Output: data/all_merged/dup_detection/dup_decisions_all_merged_INITIALS_DATE.csv

For each candidate pair, the operator decides to:

Keep both records
Keep one record only
Delete both records
Create a composite

Automated vs Manual Decisions

Automated: Identical duplicates are handled based on hierarchy
Manual: Ambiguous cases require operator review with summary figures

!! tip "Backup & Resume Functionality"

The decision process automatically creates backup files in `data/all_merged/dup_detection/`. If your session is interrupted, you can restart the process and it will resume from where the backup left off. This is especially useful for large databases with hundreds of duplicate pairs.

3.3 Remove Duplicates

Notebook: dup_removal.ipynb

Implement the decisions to create the final duplicate-free database.

Setup:

python3/Jupyter

# Set index
df.set_index('datasetId', inplace = True)
df['datasetId']=df.index

# Load decisions (specify your initials and date)
filename = f'data/{df.name}/dup_detection/dup_decisions_{df.name}_{initials}_{date}'
data, header = dup.read_csv(filename, header=True)
df_decisions = pd.read_csv(filename+'.csv', header=5)

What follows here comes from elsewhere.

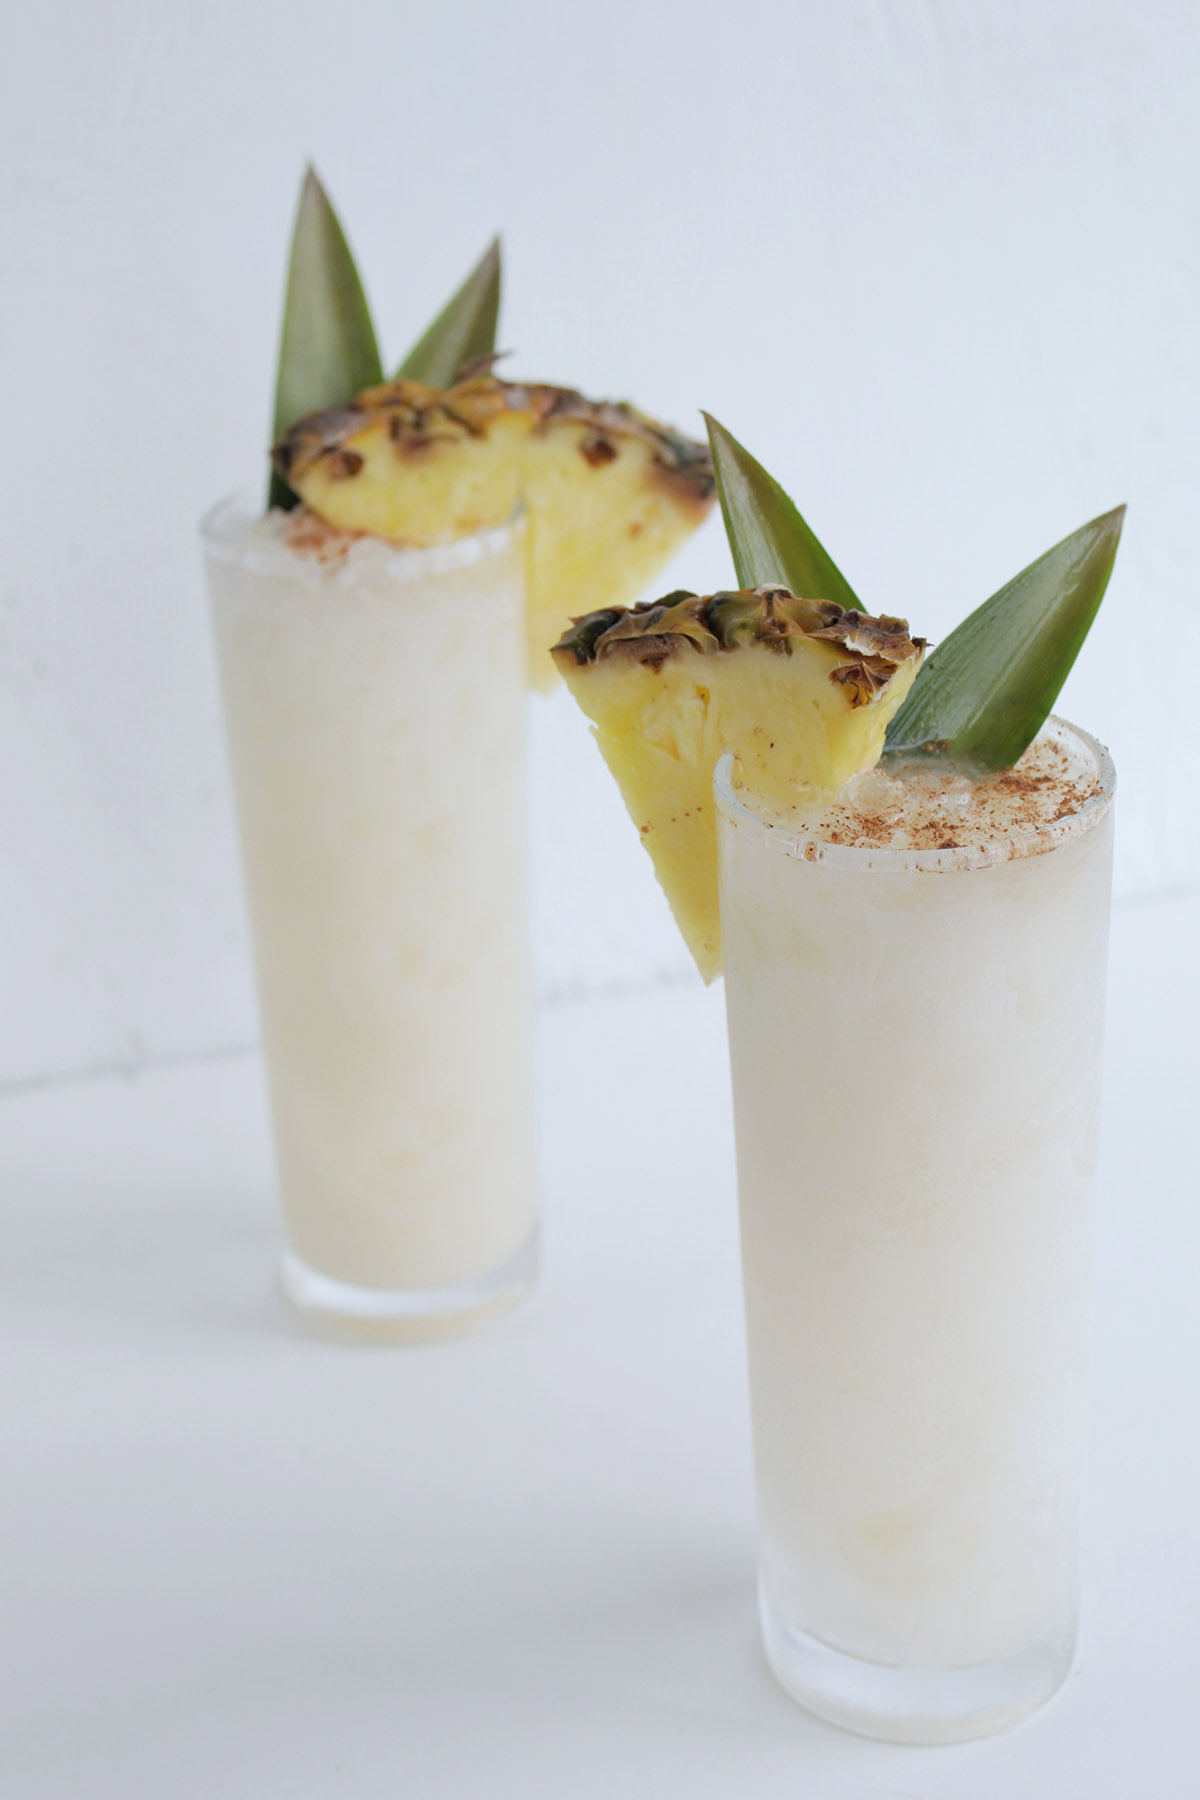 screwball whisky drink with pineapple garnish.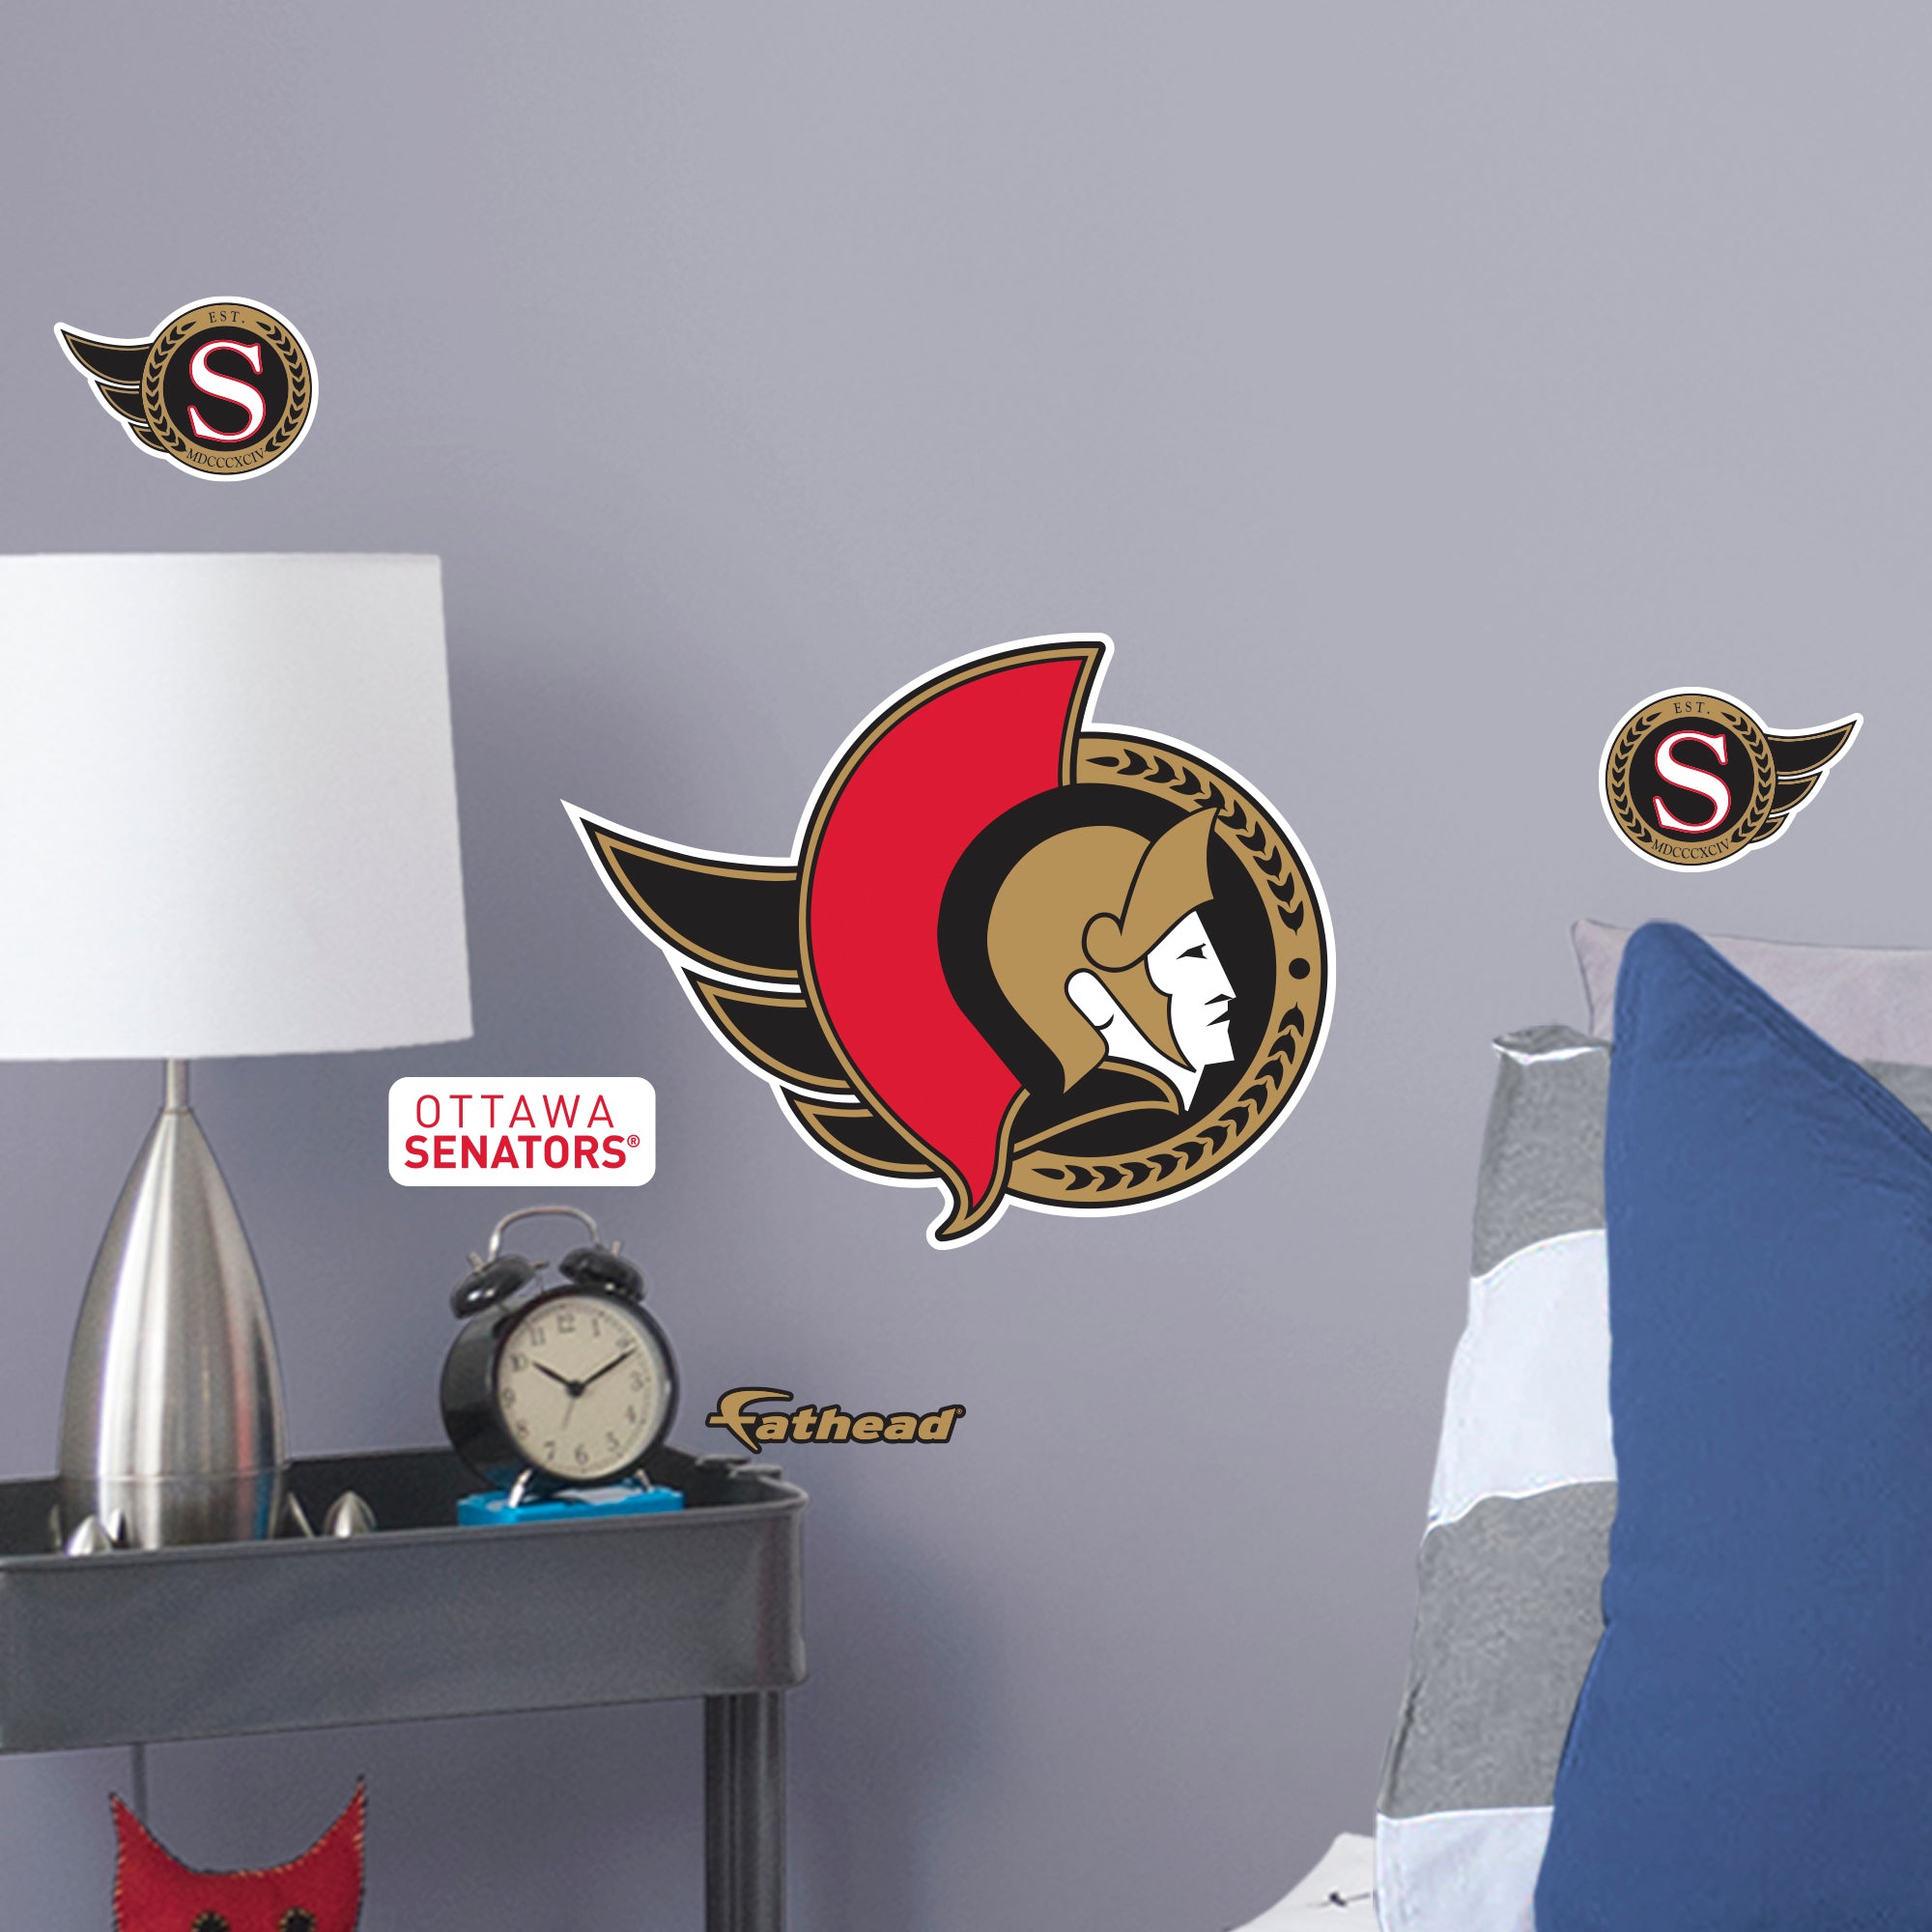 Ottawa Senators 2020 POD Teammate Logo - Officially Licensed NHL Removable Wall Decal Large by Fathead | Vinyl

# Collect decisions for each record
decisions = dup.collect_record_decisions(df_decisions)

# Collect duplicate details for each record
dup_details = dup.collect_dup_details(df_decisions, header)

Implementation workflow:

The notebook processes duplicates in four steps:

Remove duplicate record: All records flagged for removal or compositing are saved in df_duplica (for inspection) and dropped from the cleaned dataframe df_cleaned

python3/Jupyter

# load the records TO BE REMOVED OR COMPOSITED
remove_IDs  = list(df_decisions['datasetId 1'][np.isin(df_decisions['Decision 1'],['REMOVE', 'COMPOSITE'])])
remove_IDs += list(df_decisions['datasetId 2'][np.isin(df_decisions['Decision 2'],['REMOVE', 'COMPOSITE'])])
remove_IDs  = np.unique(remove_IDs)

df_duplica =  df.loc[remove_IDs, 'datasetId'] # df containing only records which were removed
df_cleaned =  df.drop(remove_IDs) # df freed from 'REMOVE' type duplicates

# also add columns on decision process to df_cleaned:
df_cleaned['duplicateDetails']='N/A'
for ID in dup_details:
    if ID in df_cleaned.index: 
        if df_cleaned.at[ID, 'duplicateDetails']=='N/A': 
            df_cleaned.at[ID, 'duplicateDetails']=dup_details[ID]
        else: df_cleaned.at[ID, 'duplicateDetails']+=dup_details[ID]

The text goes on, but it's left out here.